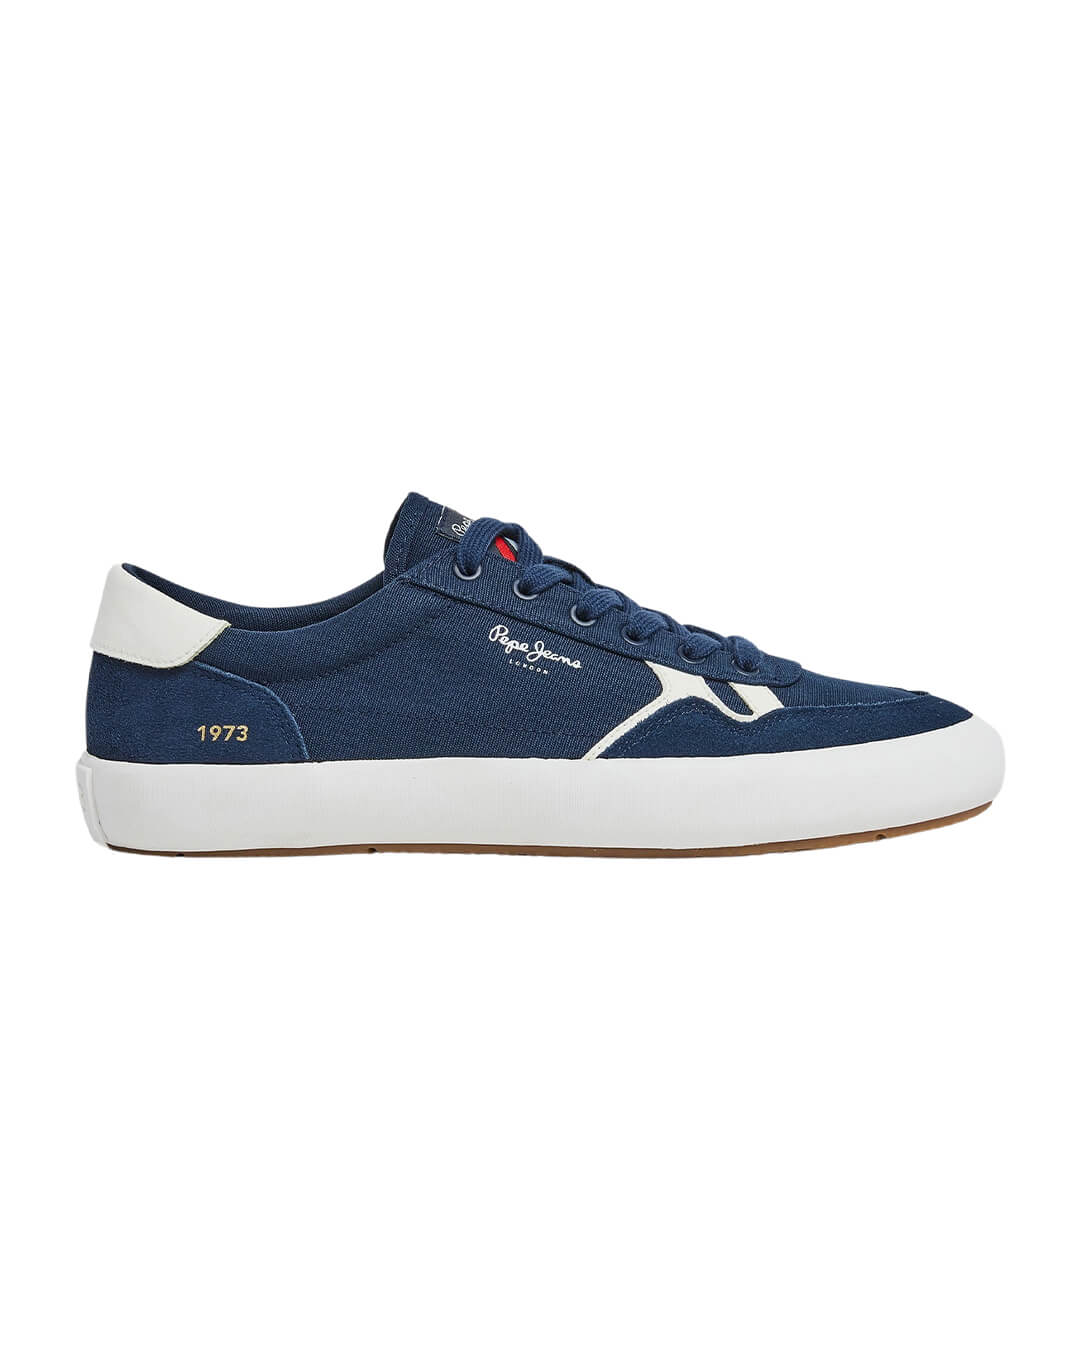 Pepe Jeans Shoes Pepe Jeans Navy Cotton Cupsole Trainers
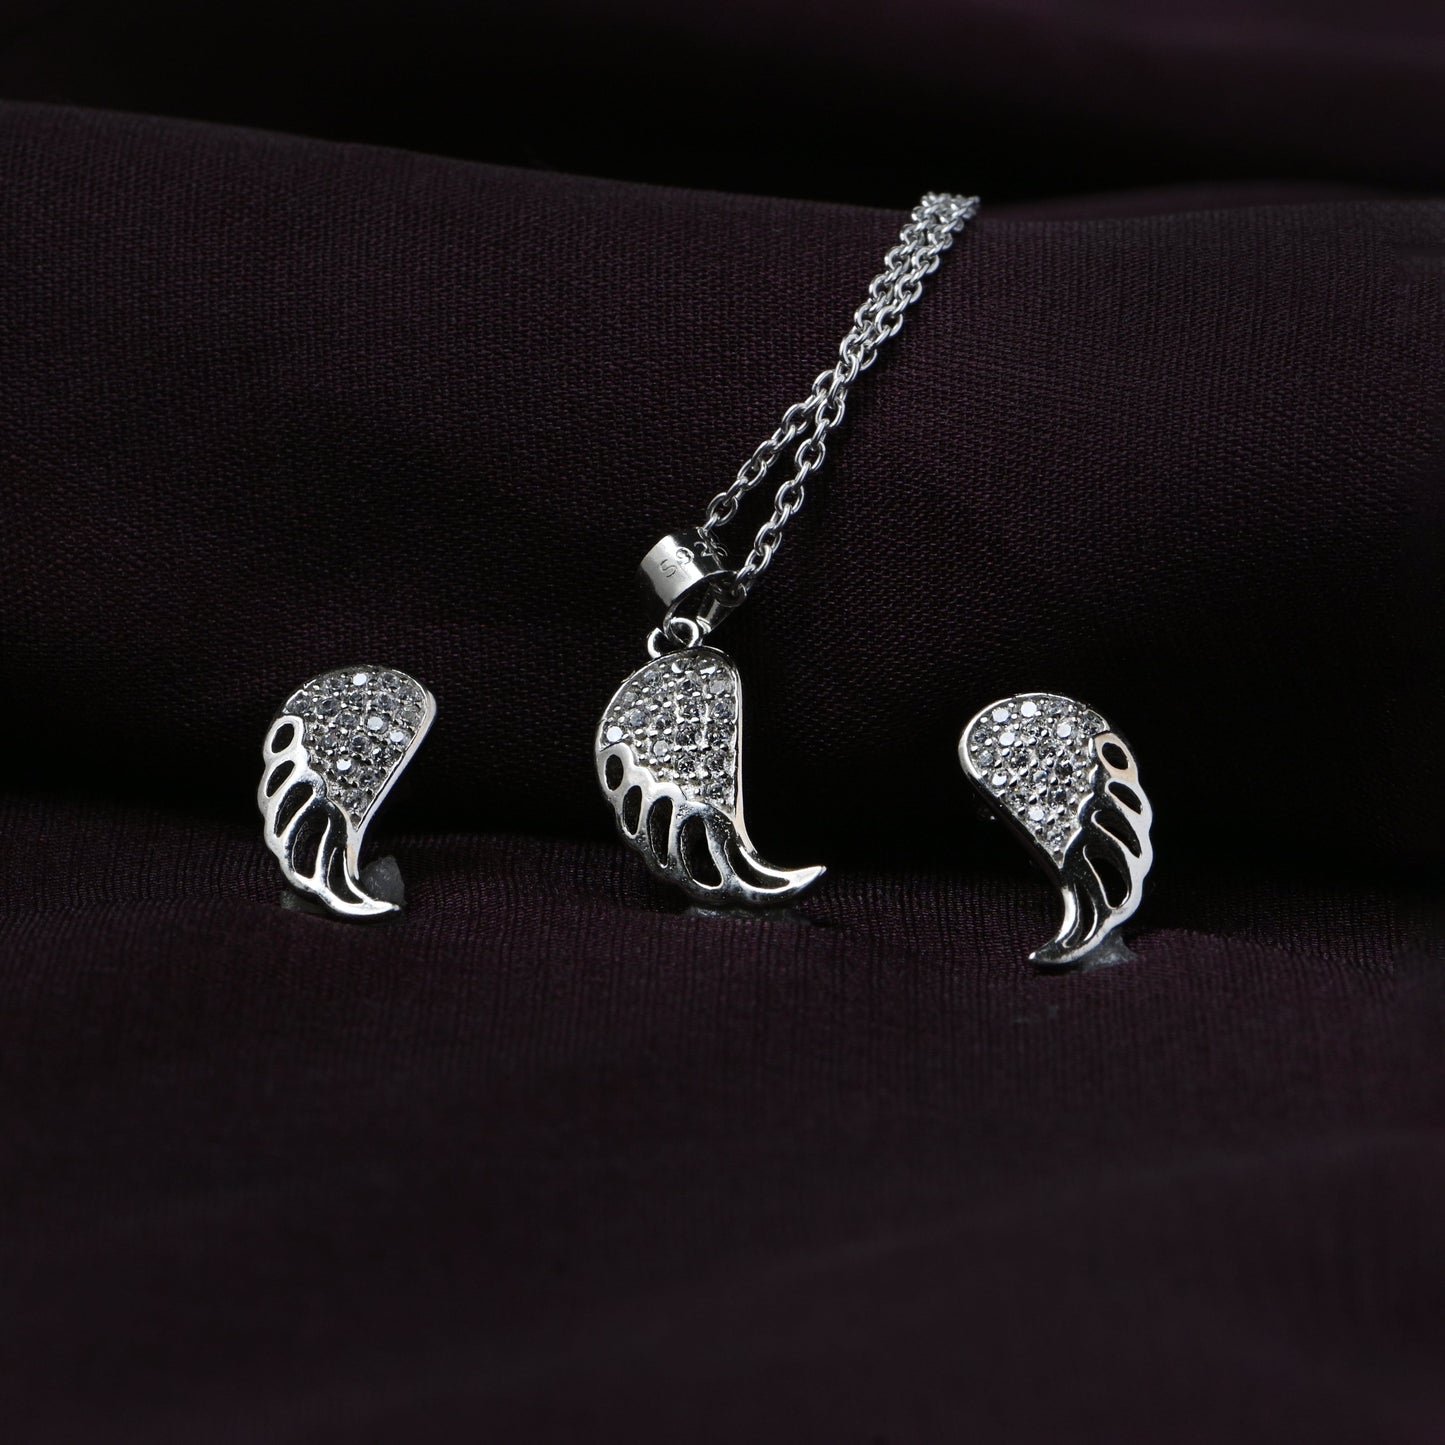 Silver Zircon Studded Leaf Sets with Link Chain
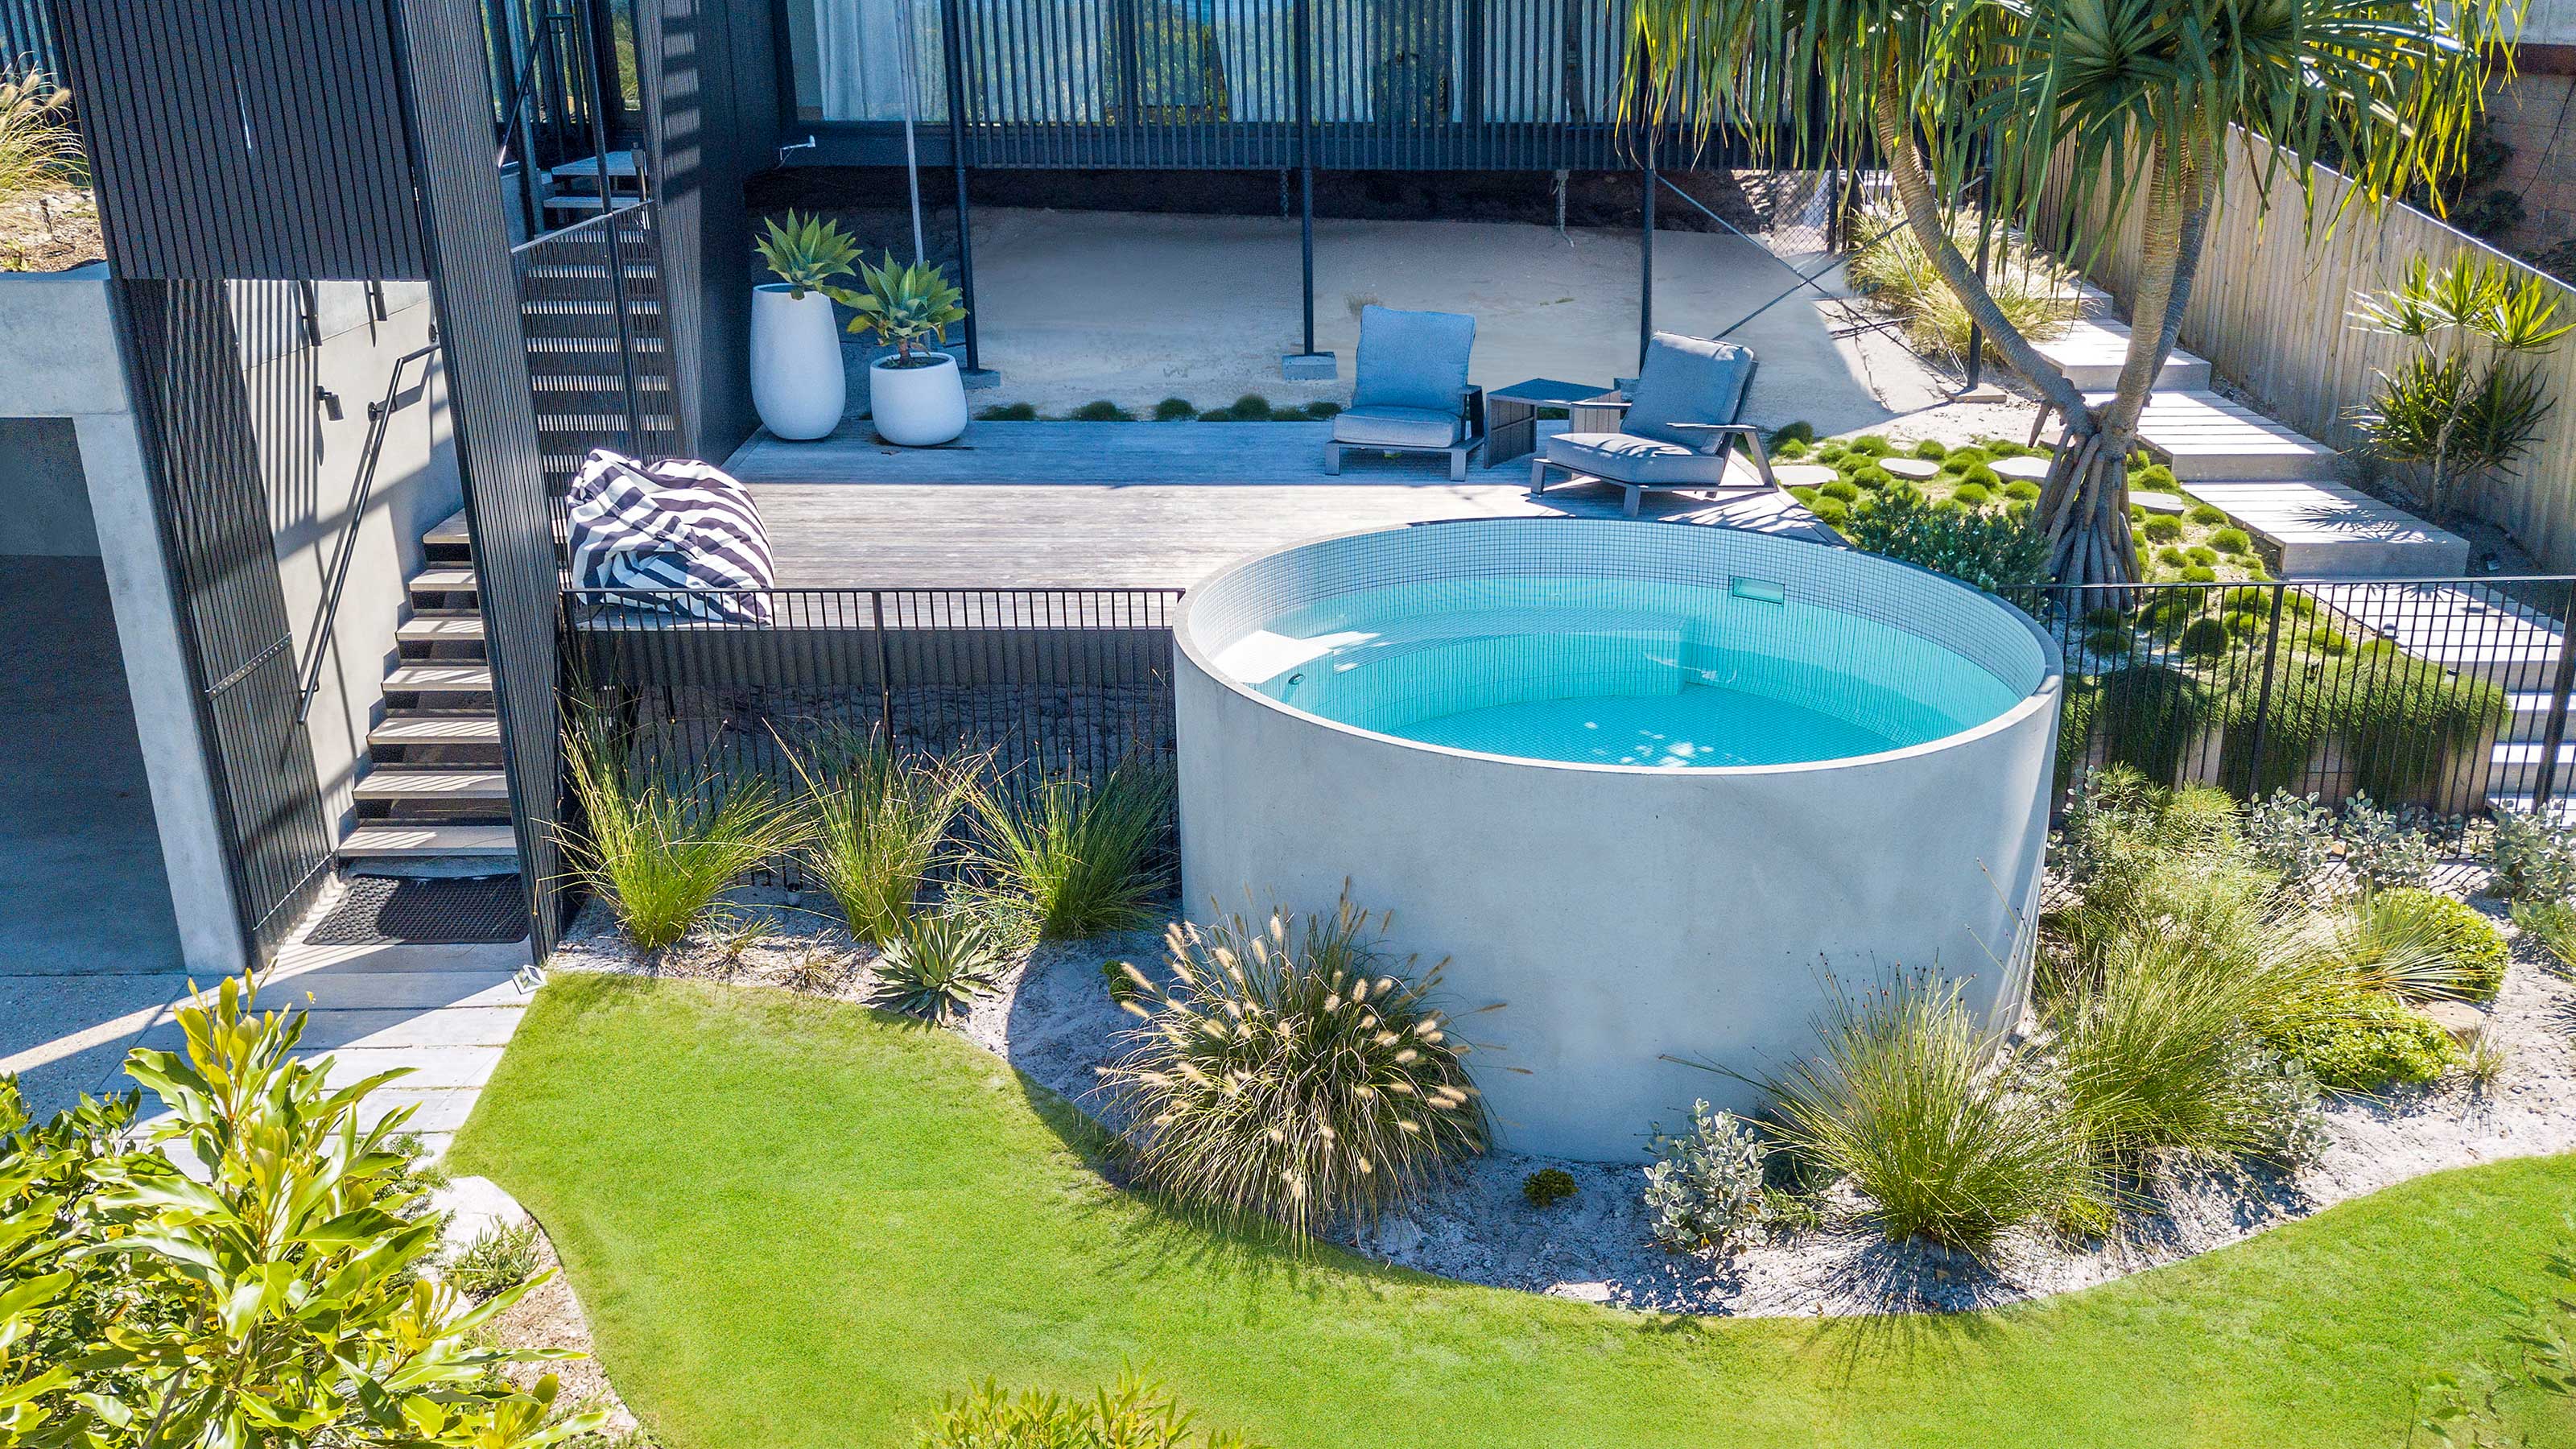 Above Ground Pool Deck Ideas: 10 Setups To Get Inspired By | Gardeningetc

__TASK STATEMENT__.
The answer must be the lines above from the line that contains "Silver Zircon Studded" to the final line of the data, word for word, with no pictures.

__ANSWER SECTION__.
 Silver Zircon Studded Leaf Sets with Link Chain
 Above Ground Pool Deck Ideas: 10 Setups To Get Inspired By | Gardeningetc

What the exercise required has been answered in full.